'Super keen': Australia's tourism operators reopen as bookings surge – but doctors urge caution

Many Australian tourism operators are preparing to reopen over the next week, despite Melbourne’s coronavirus outbreak sending the city into lockdown and forcing states to close their borders to Victorian travellers.

New South Wales closed its border for the first time to Victoria on Wednesday.

Queensland reopened its borders on Friday to all states except Victoria. The Northern Territory will also reopen borders to all states on 17 July, but interstate arrivals from coronavirus hotspots will be required to enter mandatory supervised quarantine for two weeks, while South Australia’s 20 July border reopening will not extend to Victorians.

Related: NSW snow resort businesses fear tourists will bring coronavirus and force shutdown

The holiday reservation website Wotif has seen not only consistent interest in travel bookings since the NSW-Victoria border closure but a “huge spike in interest for Queensland”, according to its managing director, Daniel Finch.

According to Finch, in the 24 hours after the Queensland government’s confirmation that the state’s borders would open to all states, aside from Victoria, Wotif had a 70% spike in travel interest for Queensland from NSW and SA travellers, a 50% increase from WA travellers and a 40% increase from NT travellers.
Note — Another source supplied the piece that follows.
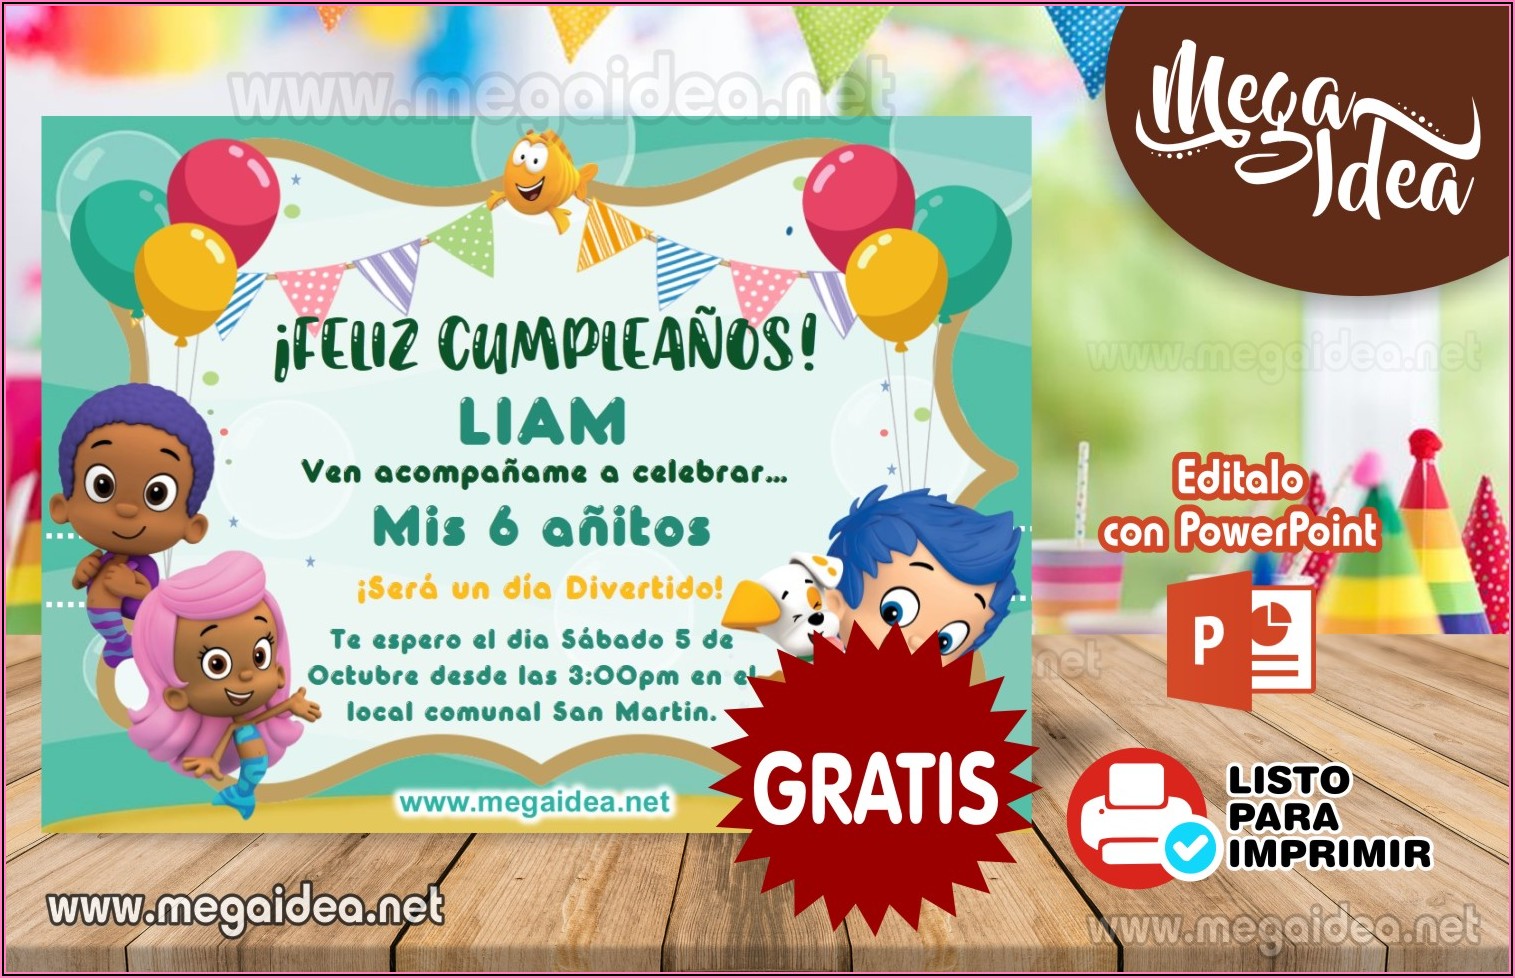 Bubble Guppies Birthday Invitations Online
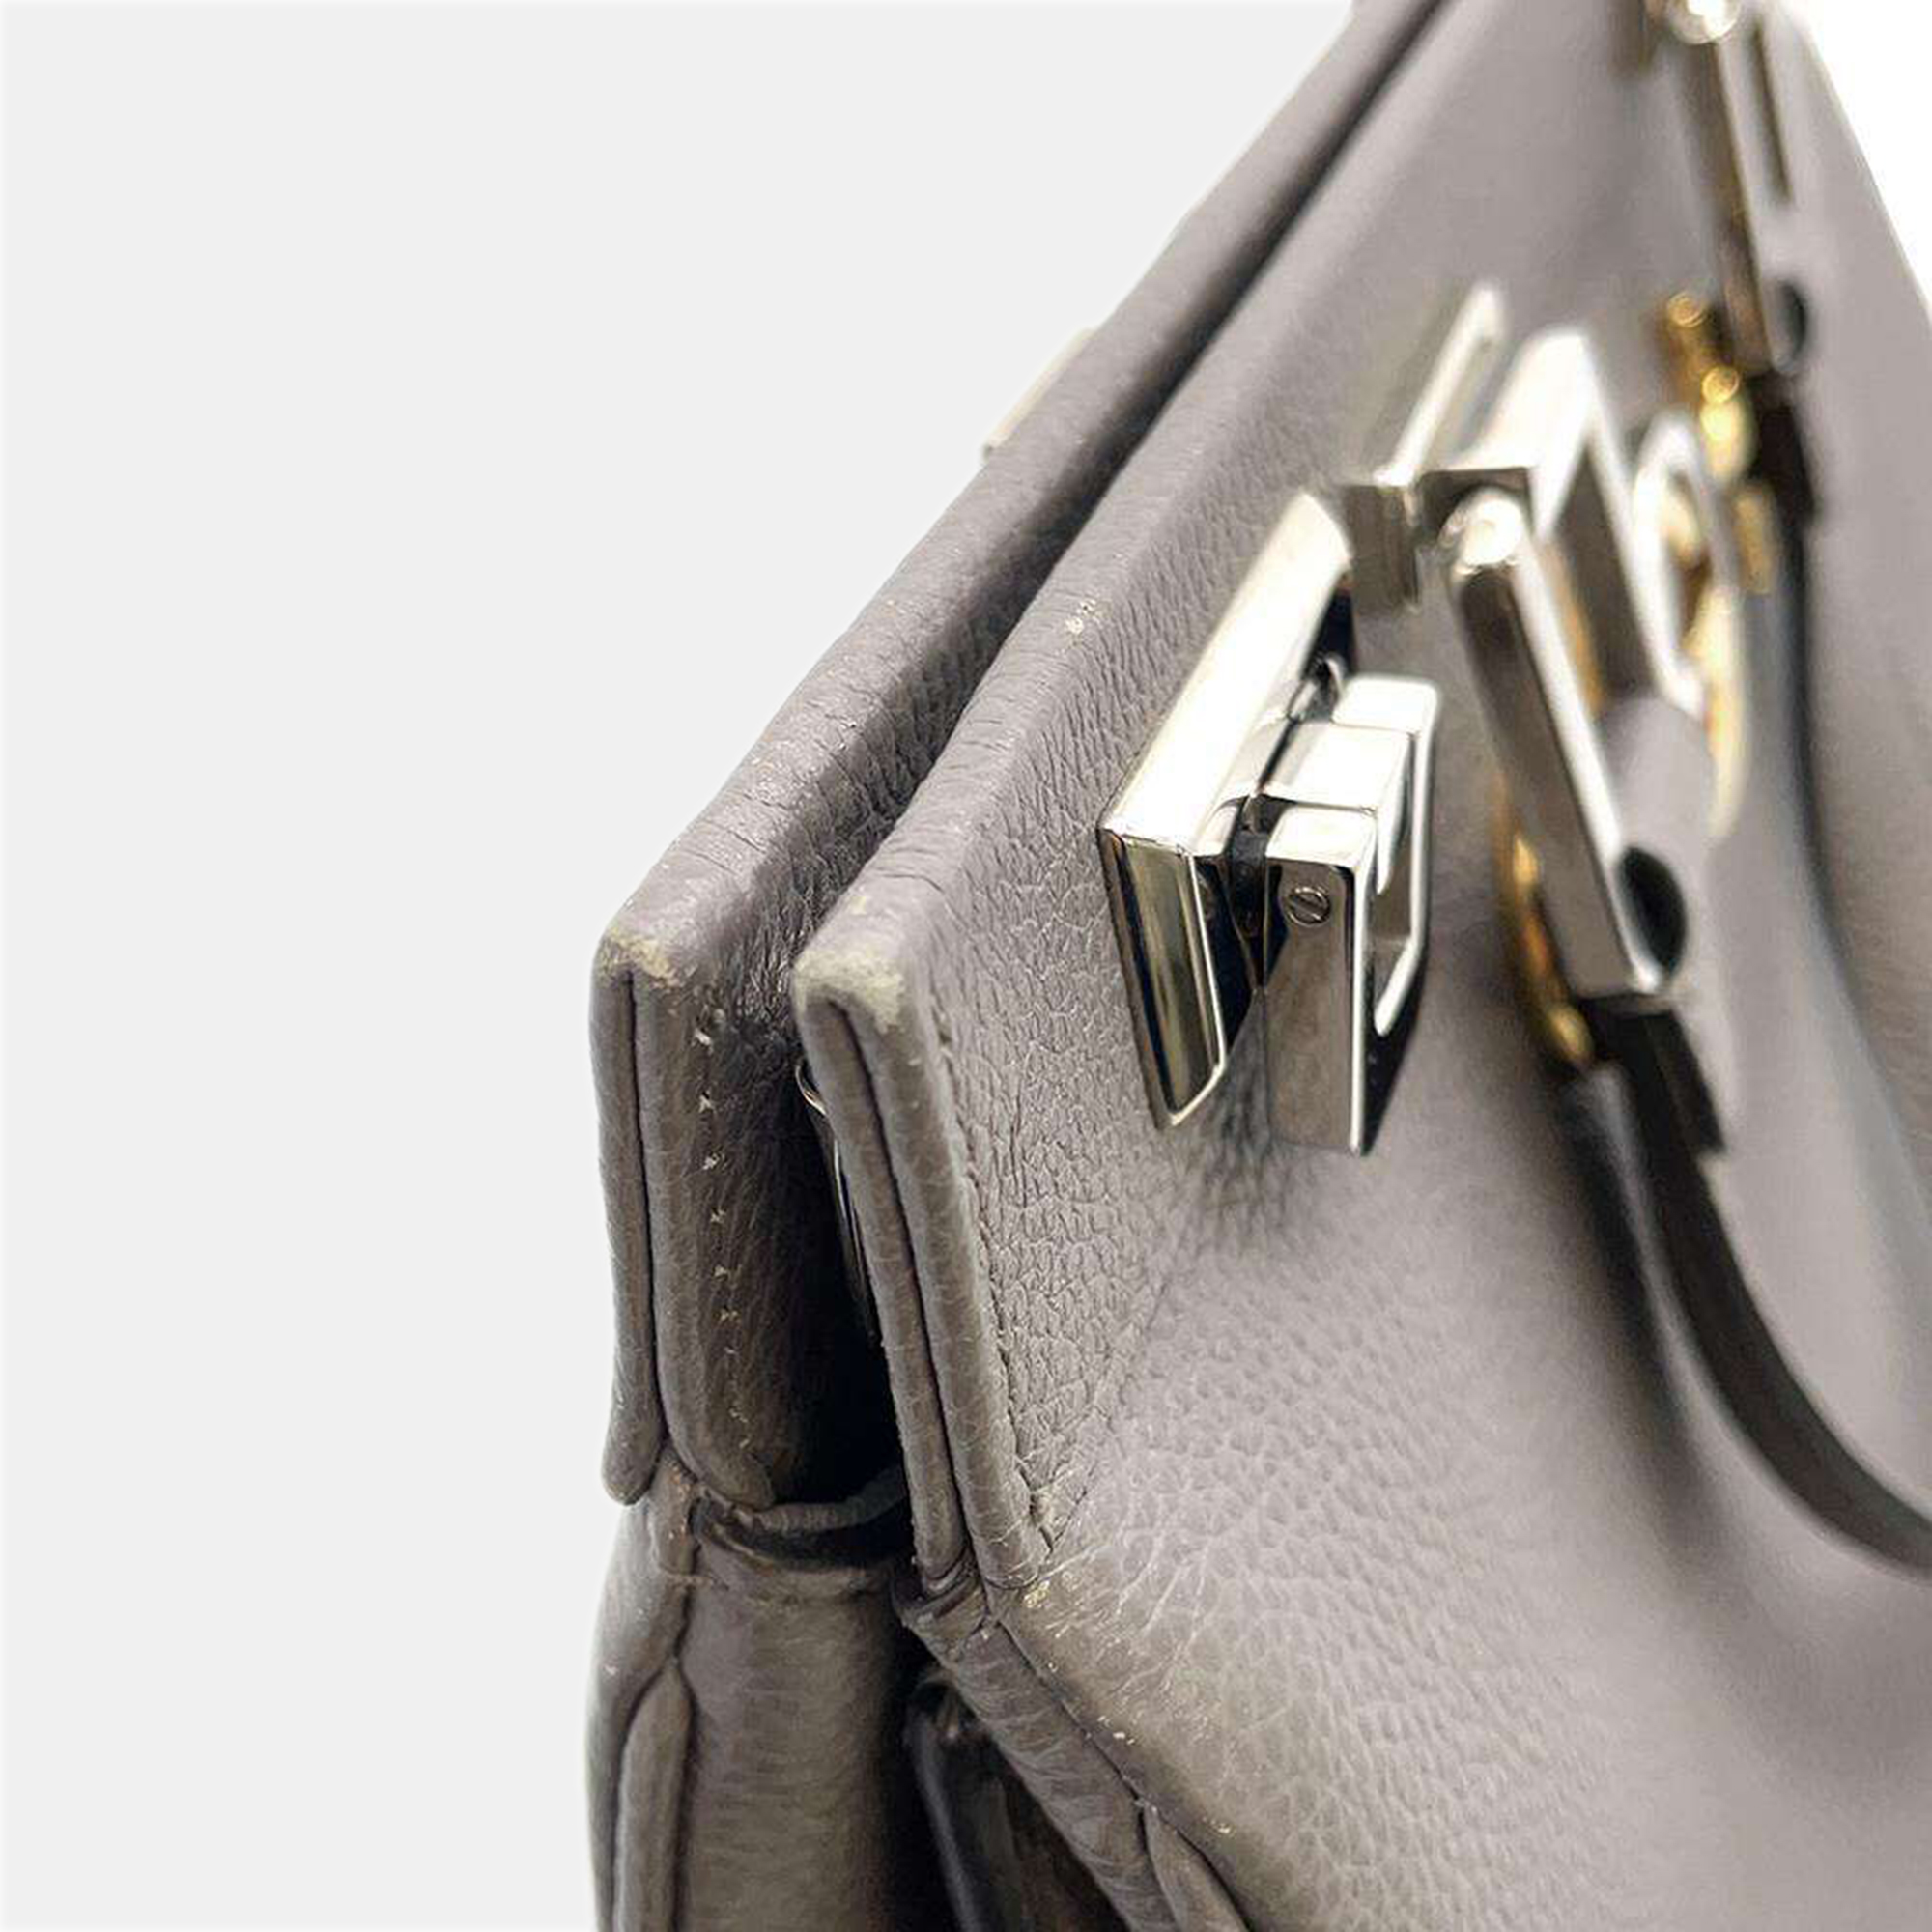 Gucci Grey Leather Zumi Top Handle Bag

The Queensland Tourism Industry Council’s chief executive, Daniel Gschwind, said the border reopening came as a relief to the state’s $26bn tourism industry, which had been decimated by the coronavirus pandemic.

“The bookings and inquiries spiked the moment the premier confirmed the opening,” he said. “We have had reports from accommodation providers that the bookings are looking a bit better now further north.”

Metropolitan Melbourne and the regional shire of Mitchell re-entered a six-week lockdown under stage three restrictions on Wednesday after community transmission soared.

Given that Victorians usually make up about 30% of the sunshine state’s winter travellers, the Melbourne outbreak will nonetheless stifle Queensland’s reopening, according to Gschwind.

“There are plenty of reasons why southerners would want to come up here, and the fact that they can’t is certainly going to have an impact on what we would normally rely on in places like Noosa and the Sunshine Coast and further up in Cairns,” Gschwind said.

Melbourne’s coronavirus outbreak has also affected accommodation providers in Victoria and NSW.

Cam Grant, the cofounder of Unyoked cabins, has spent the past two days calling guests booked in to stay at Victoria locations, most of whom would have been travelling from metro Melbourne.

While occupancy for the next month was going to drop to about 15%, Grant said, most guests were looking to rebook rather than asking for refunds.

“Last time when the borders closed we called around 200 guests, and 96% of them rescheduled their bookings,” Grant said. “Only 4% wanted a refund.”

Michelle Porter, the accommodation manager of Kimo Estate, said she had also spent every day since Monday fielding calls from guests booked to stay its new boutique hotel in Gundagai, in southern NSW, which “had a good slathering of guests staying on their way through to places and travelling between Melbourne and Sydney”.

“We have definitely taken a hit with the border,” she said. “If anything, before the Victorian border closed, we probably found that once we came out of lockdown that we had increased bookings compared to this time last year because people wanted to get out of Sydney and have a change of scenery.

“The vast majority were still super keen and more bummed for us than anything else. Everyone wants to go and be in a secluded cabin in the wilderness. Being stuck at your house starting a computer and a wall has accelerated the trends that we built the houses on. Rather than sitting at your desk nine-to-five, seven days a week, people are looking to take time off.”

While interstate travel may fluctuate over the next few months, Australia’s tourism sector is benefiting from a significant increase in intrastate visitors.

According to Tourism and Events Queensland, some 42% of Queenslanders surveyed said they planned to holiday within the state over the 2020 winter break, compared with last year when only a third did.

Porter said while interstate travel had taken a hit, local visitors would keep the business going while the Victorian border remained shut.

“We have got our three eco huts that are currently booked solidly until December,” she said. “They were fairly popular before, because people can’t go anywhere but NSW and we are a good stopping point and not too far from Sydney for people to come for the night.”

The Australian Medical Association has warned that the states should be cautious about easing restrictions and opening borders further, given Melbourne’s rising cases.

Related: Morrison government flags incentives for Australians to take domestic holidays to save tourism industry

“It wasn’t so long ago that we had very low numbers in Victoria, even a case of zero once,” said the AMA president, Dr Tony Bartone. “And now you see the numbers we’ve got and that’s what you see when you have a number of failures coalesce, line up with one another …

“We are all pinning our ears back and going full force as if there wasn’t a pandemic in the first place.”

Bartone said opening up was important for Australia’s tourism sector and broader economy but other states needed to be careful that they weren’t headed for a second shutdown.

“The shutdowns in Melbourne are playing with hundreds of thousands of lives by shutting down their businesses and livelihoods for the second time around. Let’s open up, but do it in a way that we can be confident that we can stay open and remain open for some time to come.”